Before we dive into VLANs, routers, IP addresses and all that stuff, we have to understand how a network works, and which language a switch speaks.
A MAC address (Media Access Control address) is a hardware address tied to that specific network interface card and it’s unique. Windows calls it physical address but it’s the same thing.
A MAC address is not just a random number. The first six hexadecimal characters identifies the vendor (like Intel or Ubiqui and so on). The last six hexadecimal characters is unique to that specific device from that vendor.
And here comes our OSI model back in play. Because a switch is speaking with MAC addresses and does not care about ip addresses in the first place, we live at layer 2. Even the naming here is a bit confusing physical layer (layer 1) is NOT the physical address. On layer 1 we are talking about the actual movement of bits. Electricity on copper cable. Light on fiber, etc.
When your computer sends data that moves down the OSI model this is called encapsulation. Basically meaning each layer adds its own information. At the time the data reaches layer 2 the device adds a destination MAC address and a source MAC address to it. The source MAC address is the sender’s local hardware address. The destination MAC is usually the next device in the local network, often the default gateway. Then layer 2 adds one more thing at the end, the FCS (frame check sequence).
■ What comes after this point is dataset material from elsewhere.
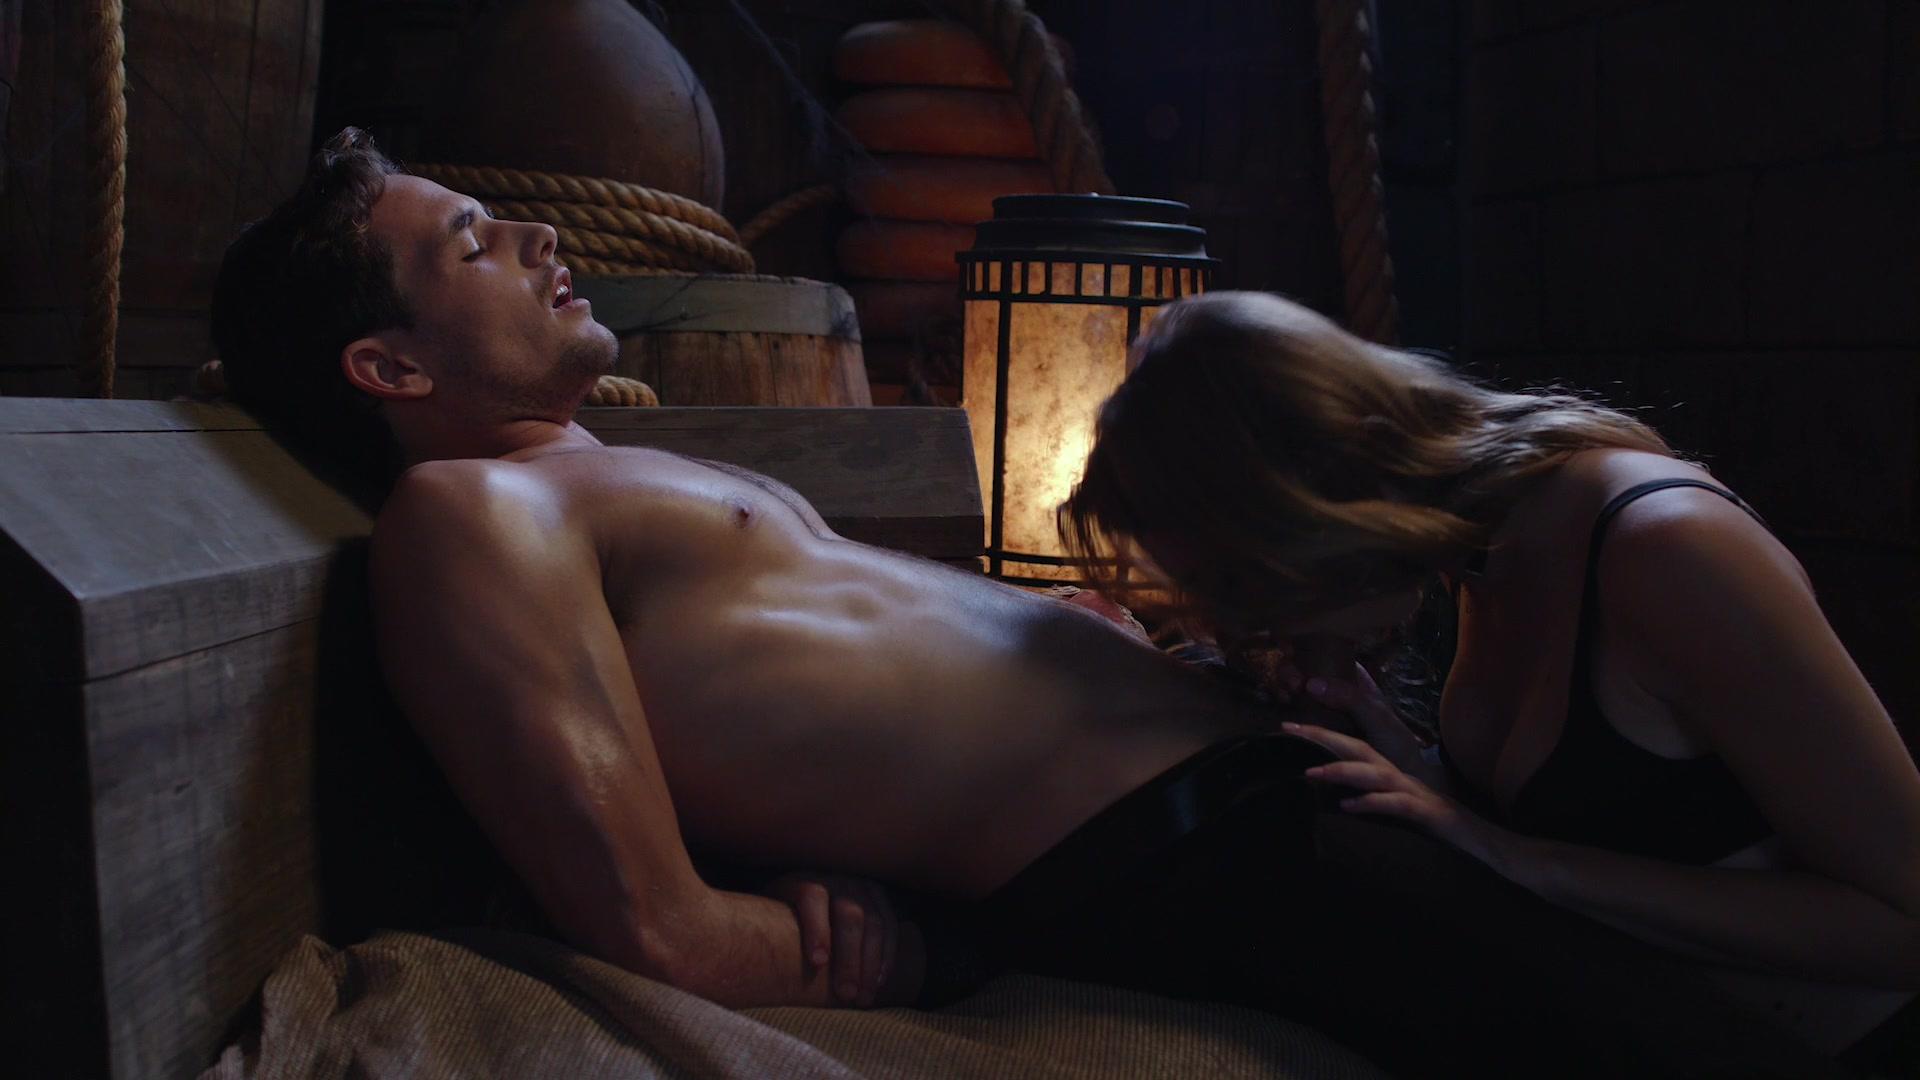 eroticheskie-momenti-iz-kinofilmov-onlayn

It’s a mathematical value used so the receiving device can verify the rfame wasn’t corrupted during transmission.
So the big takeways from this lesson are:
- A MAC address is the local hardware identity of a network interface.
- The first half is the vendor OUI, and the second half is unique to the device.
- Switches live at Layer 2 and forward traffic based on MAC addresses.
- A frame is the Layer 2 wrapper around data, including source MAC, destination MAC, and FCS.